Source information Block Start

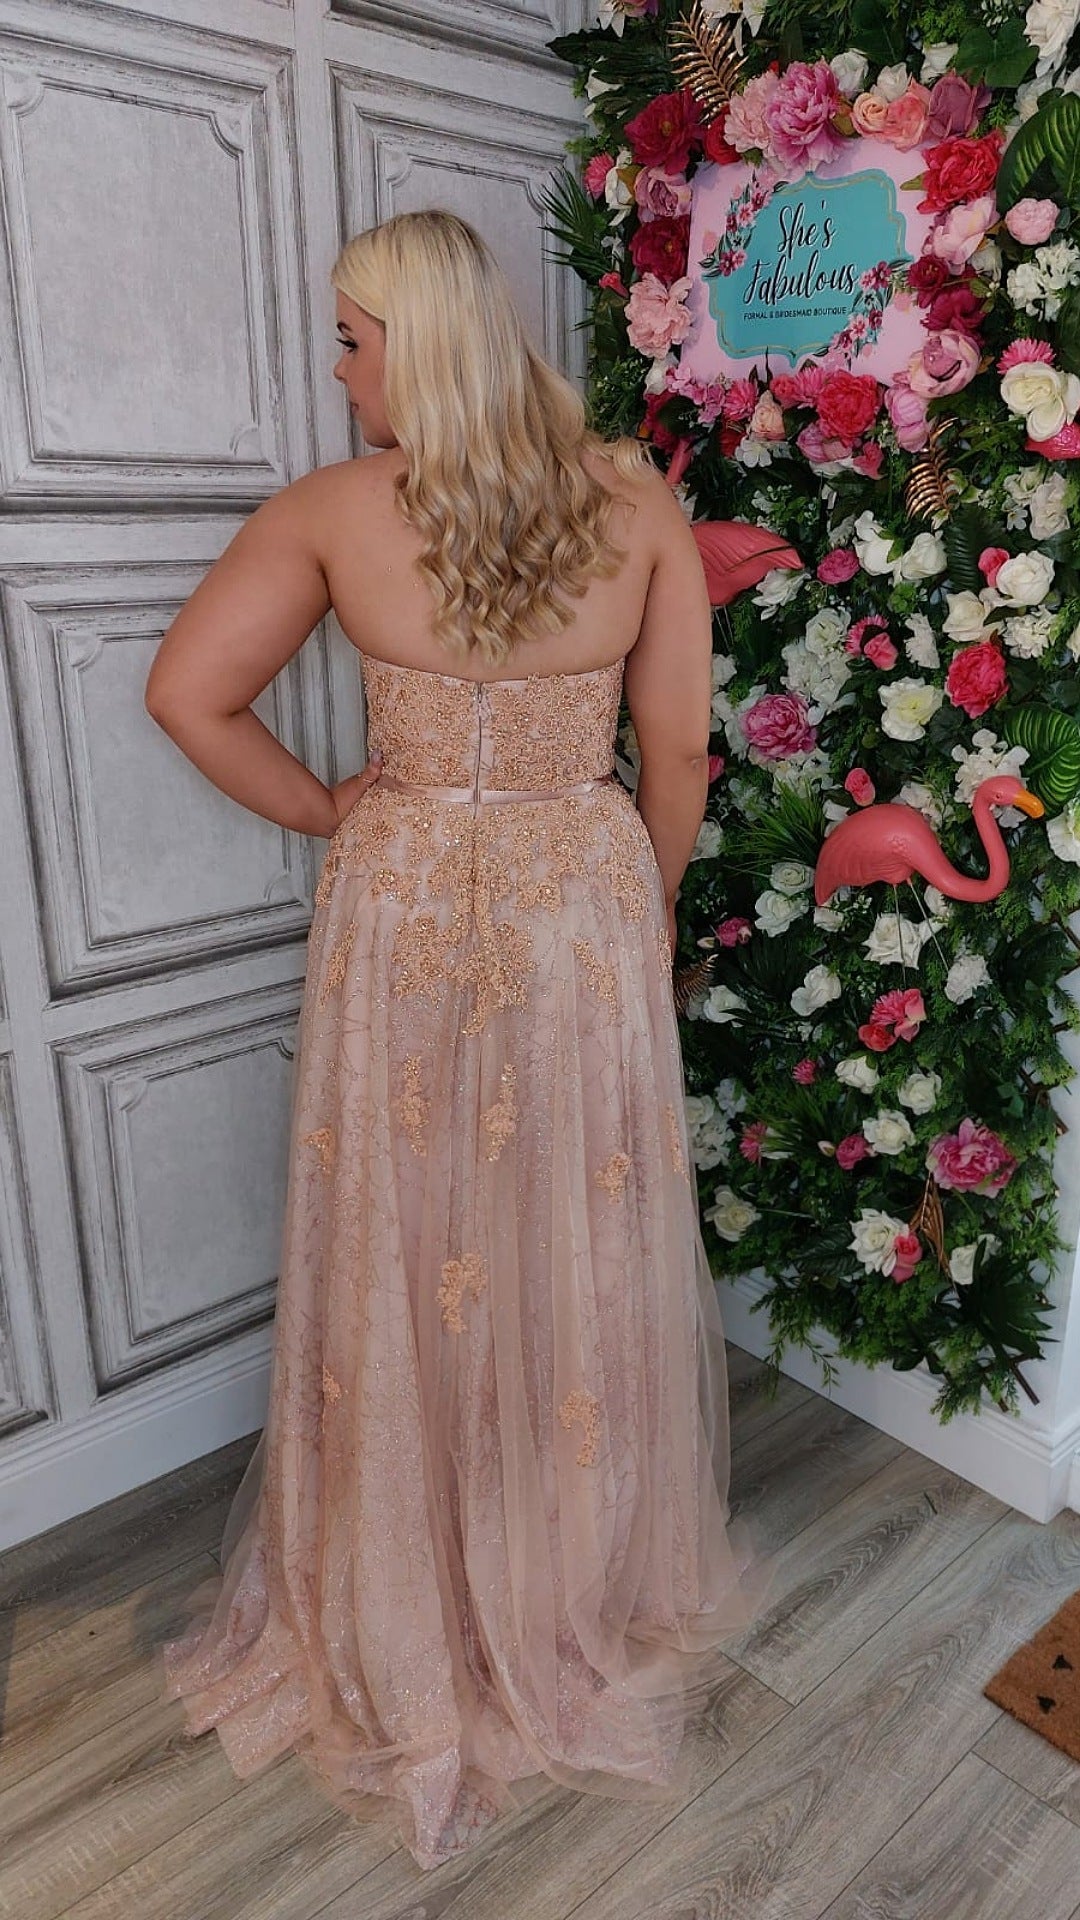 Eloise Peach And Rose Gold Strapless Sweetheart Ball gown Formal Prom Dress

Source information Block End
Source information Block Start

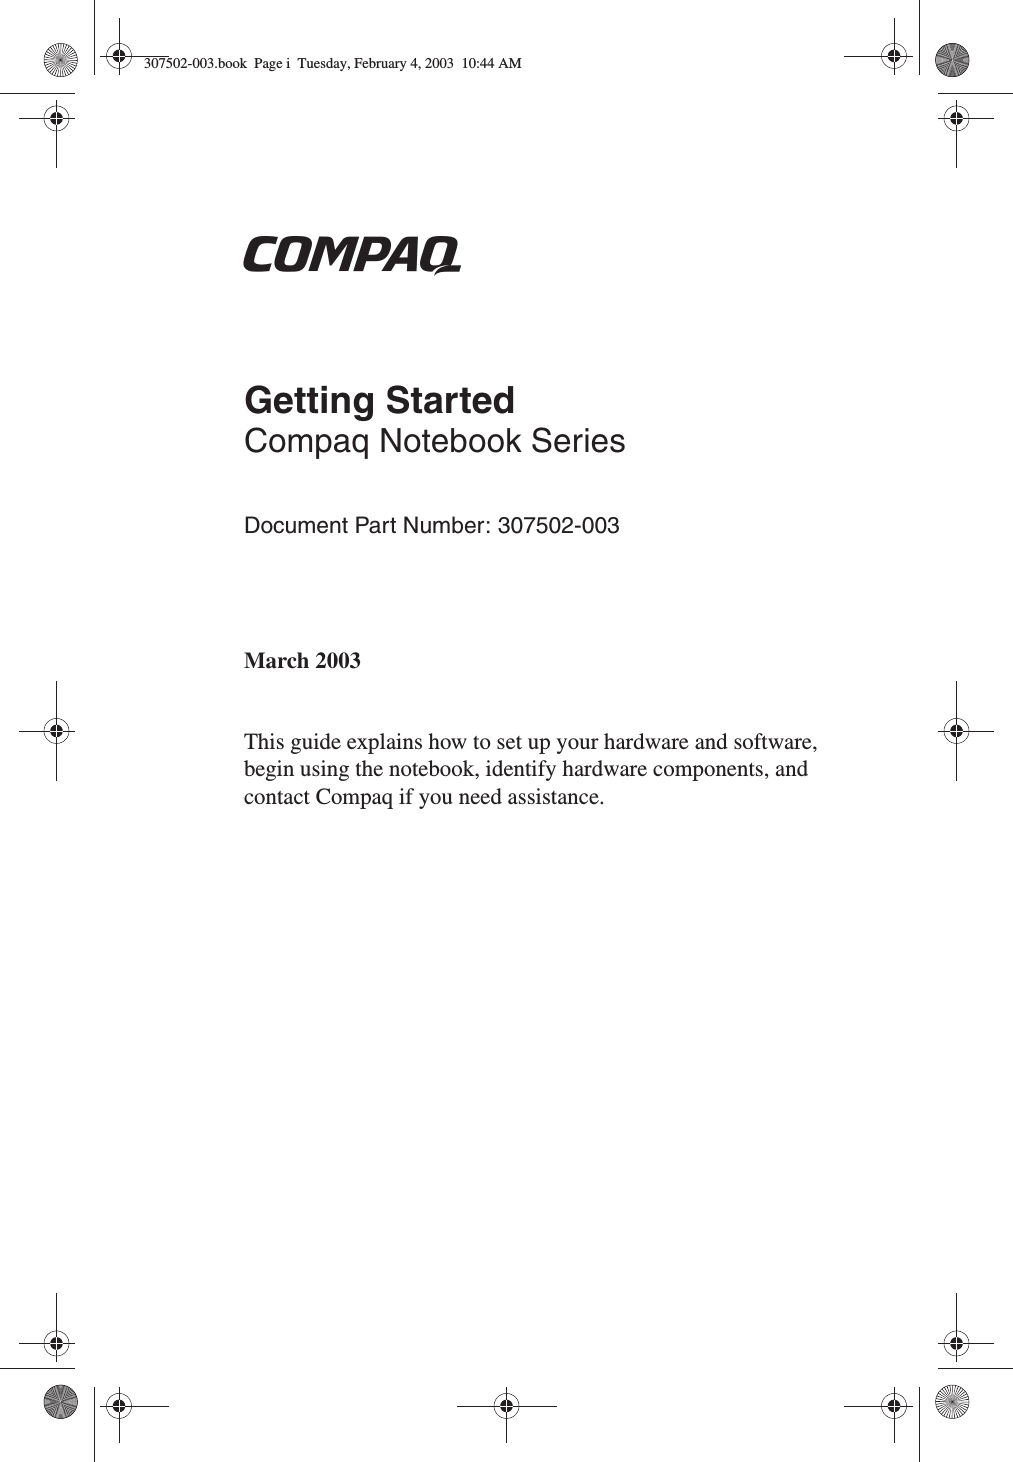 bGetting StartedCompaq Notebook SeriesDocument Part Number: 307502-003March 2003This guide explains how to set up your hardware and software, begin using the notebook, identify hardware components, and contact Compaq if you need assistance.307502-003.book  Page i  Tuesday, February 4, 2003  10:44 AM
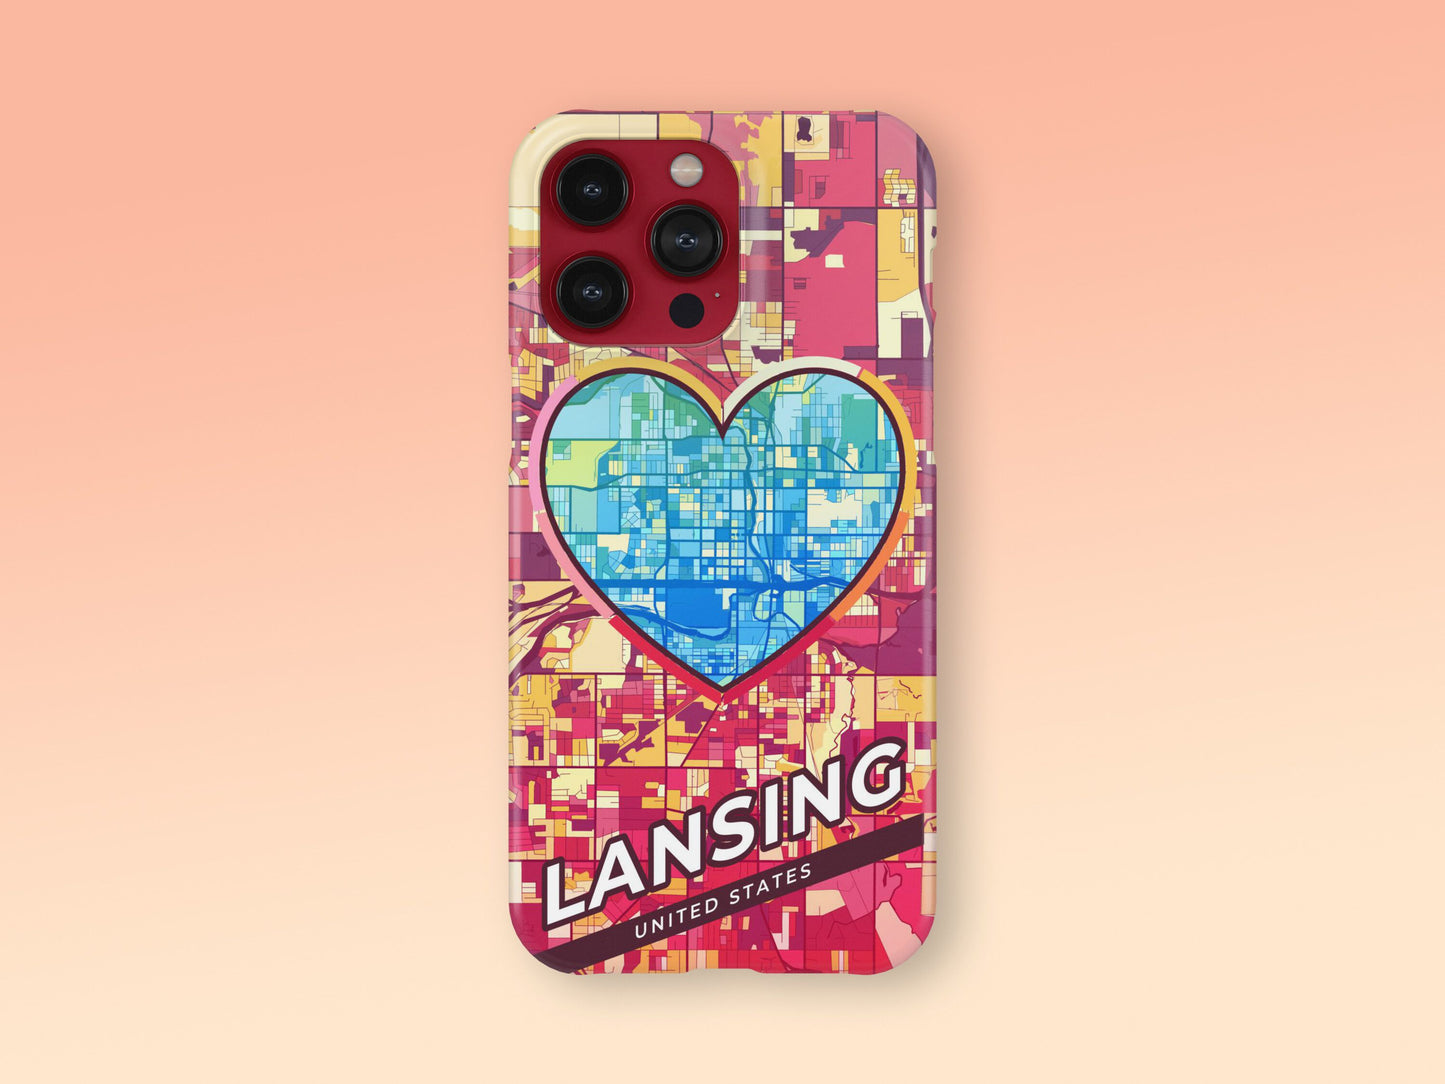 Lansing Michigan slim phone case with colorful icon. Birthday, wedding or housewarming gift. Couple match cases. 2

Source information Block End

> _Task statement_
Set the pictures aside and reproduce exactly the lines above, from the line holding "bGetting StartedCompaq Notebook" through the line holding "Lansing Michigan slim", both included, with nothing else.

> _The answer_
 bGetting StartedCompaq Notebook SeriesDocument Part Number: 307502-003March 2003This guide explains how to set up your hardware and software, begin using the notebook, identify hardware components, and contact Compaq if you need assistance.307502-003.book  Page i  Tuesday, February 4, 2003  10:44 AM
 Lansing Michigan slim phone case with colorful icon. Birthday, wedding or housewarming gift. Couple match cases. 2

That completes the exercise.